Ссылки для упрощенного доступа

Прелюдия к Мосгордумe


Илья Щуров – с опытом наблюдателя

До выборов в Московскую городскую думу остается две недели. Это мероприятие уже сейчас не вселяет надежд: подавляющее большинство оппозиционных кандидатов, имеющих шансы на победу, не были зарегистрированы под различными предлогами. В большинстве округов выборы будут неконкурентными. Перед гражданским обществом встает вопрос: следует ли в этих условиях тратить ресурсы на наблюдение? Ниже – рассказ о неконкурентных выборах, прошедших недавно и совсем недалеко от Москвы.

Мне понадобилось две минуты, чтобы из Москвы попасть в Реутов – ровно столько едет электричка от станции метро "Новогиреево". В семь утра рядом с платформой я встречаюсь с координатором от проекта "Гражданин Наблюдатель", получаю бумагу, гласящую, что я назначен членом избирательной комиссии с правом совещательного голоса (ПСГ), уточняю адрес своего участка и, сверяясь с картой, прикидываю, как туда доехать. Реутов – небольшой город, и я решаю, что проще всего добираться на самокате, не связываясь с общественным транспортом. Через 15 минут я уже в дверях школы №7, где расположено целых три избирательных участка. Один из них мой. Выборы начинаются.
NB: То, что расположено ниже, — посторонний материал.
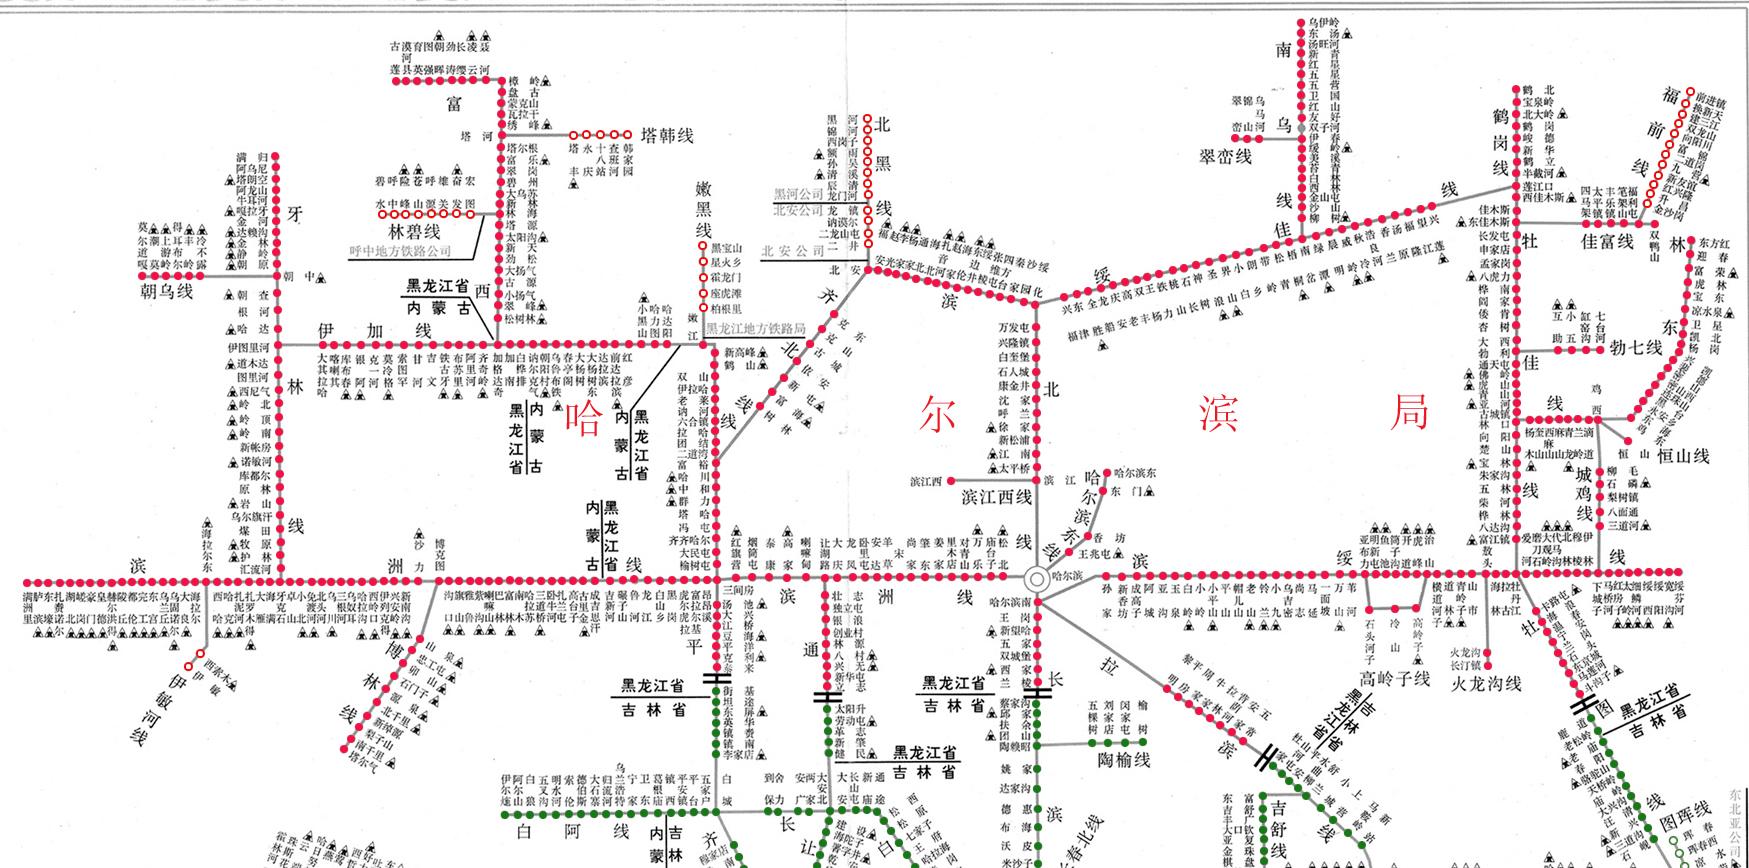 哈尔滨铁路局货运营业站示意图

– Здравствуйте, я ваш пээсгэшник! – радостно сообщаю я комиссии.

– От кого? – спрашивает секретарь.

Тут я понимаю, что Штирлиц бы из меня не вышел – я даже забыл посмотреть, какого кандидата представляю. Впрочем, для независимого наблюдателя это не имеет большого значения. Молча протягиваю свои документы. Их принимают, но говорят, что зарегистрируют чуть позже, поскольку уже пора готовиться к открытию участка.

Происходит стандартный ритуал – наблюдателям демонстрируют пустые урны и опечатывают их. Две из трех стационарных урн прозрачны, и мы решаем их не вскрывать, третья довольно сильно затемнена. Мне предлагают заглянуть в щель и убедиться – урна пустая, что я и делаю. Других желающих проверять нет, несмотря на толпу наблюдателей и ПСГ. "Мы вам доверяем", – говорят мне. Как потом станет ясно, это "доверие" совсем не случайно, хотя вряд ли оно действительно относится ко мне.
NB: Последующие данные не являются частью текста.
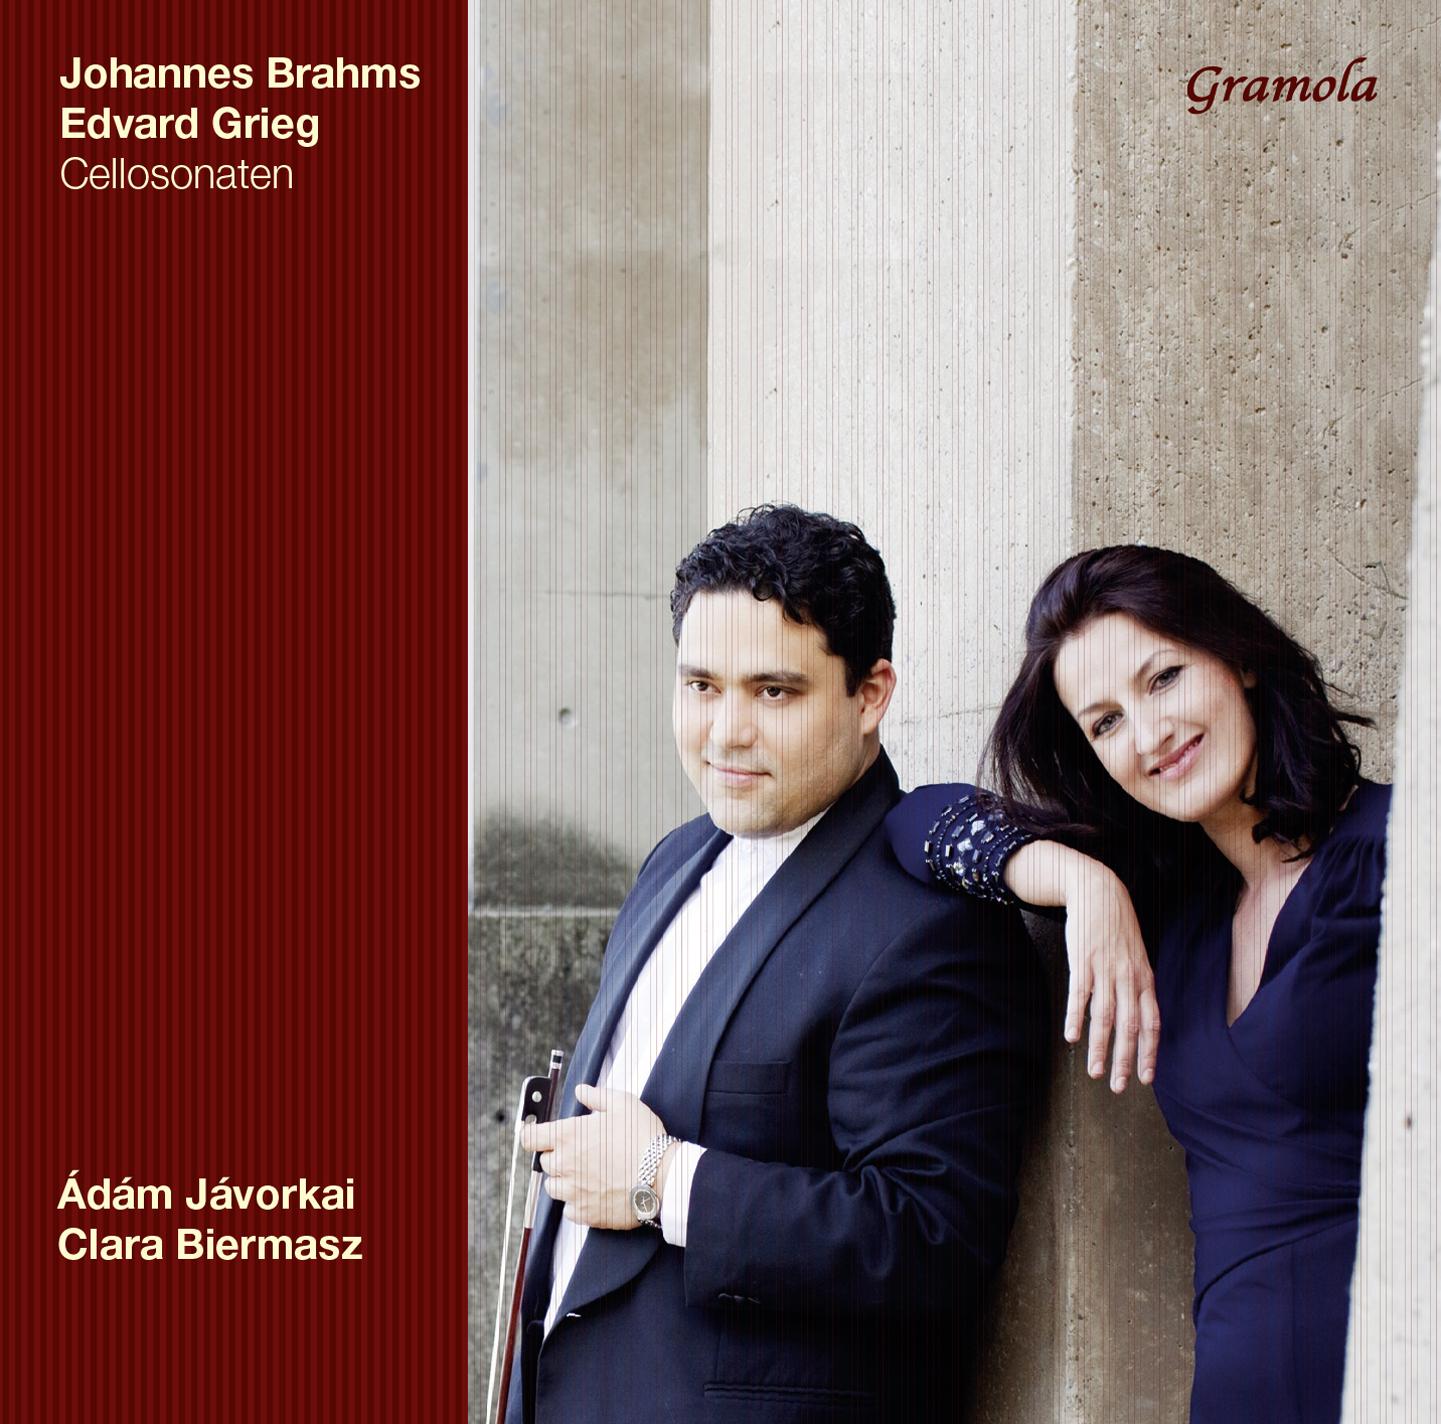 Brahms & Grieg: Cellosonaten

После опечатывания урн мы переходим ко второму этапу – обработка досрочного голосования.

В течение недели до сегодняшнего дня все желающие могли прийти в городскую избирательную комиссию и (отстояв там очередь) проголосовать досрочно. Это хорошо забытая старая новелла избирательного законодательства – несколько лет назад от такой возможности отказались, но весной этого года Конституционный суд решил, что отсутствие досрочного голосования нарушает конституционное право граждан избирать, и его вернули. Дополнительная процедура – дополнительная возможность для фальсификаций, и мы относимся к ней с некоторой профессиональной подозрительностью.

При досрочном голосовании бюллетени упаковываются в конверты и хранятся до дня выборов, после чего на участке конверты вскрываются, на оборотной стороне бюллетеней ставится печать и они опускаются в стационарные урны. У нас много "досрочников", целых 40 человек, и процесс затягивается. Для избирателей участок открывается с некоторой задержкой. Впрочем, и толп желающих проголосовать ровно в 8 утра тоже не наблюдается, хотя какой-то народ уже есть.

Сразу после начала голосования я выбираю наугад одну из книг со списками избирателей и прошу сидящую с ней сотрудницу (члена комиссии с правом решающего голоса) показать мне эту книгу.

– Только с разрешения председателя, – настороженно отвечает сотрудница. Председатель говорит: я могу ознакомиться с книгой "визуально", проверить, как она сброшюрована и опечатана, но не могу ее трогать и листать сам. Вообще говоря, это неверно: я не наблюдатель, а член комиссии (хоть и с правом совещательного голоса), и мои права почти такие же, как у "настоящих" членов (только выдавать бюллетени не могу и голосовать на заседаниях), но эта ясная норма закона воспринимается в комиссиях с большим трудом. Сходимся на том, что книги мне полистают члены комиссии сами, а я посмотрю.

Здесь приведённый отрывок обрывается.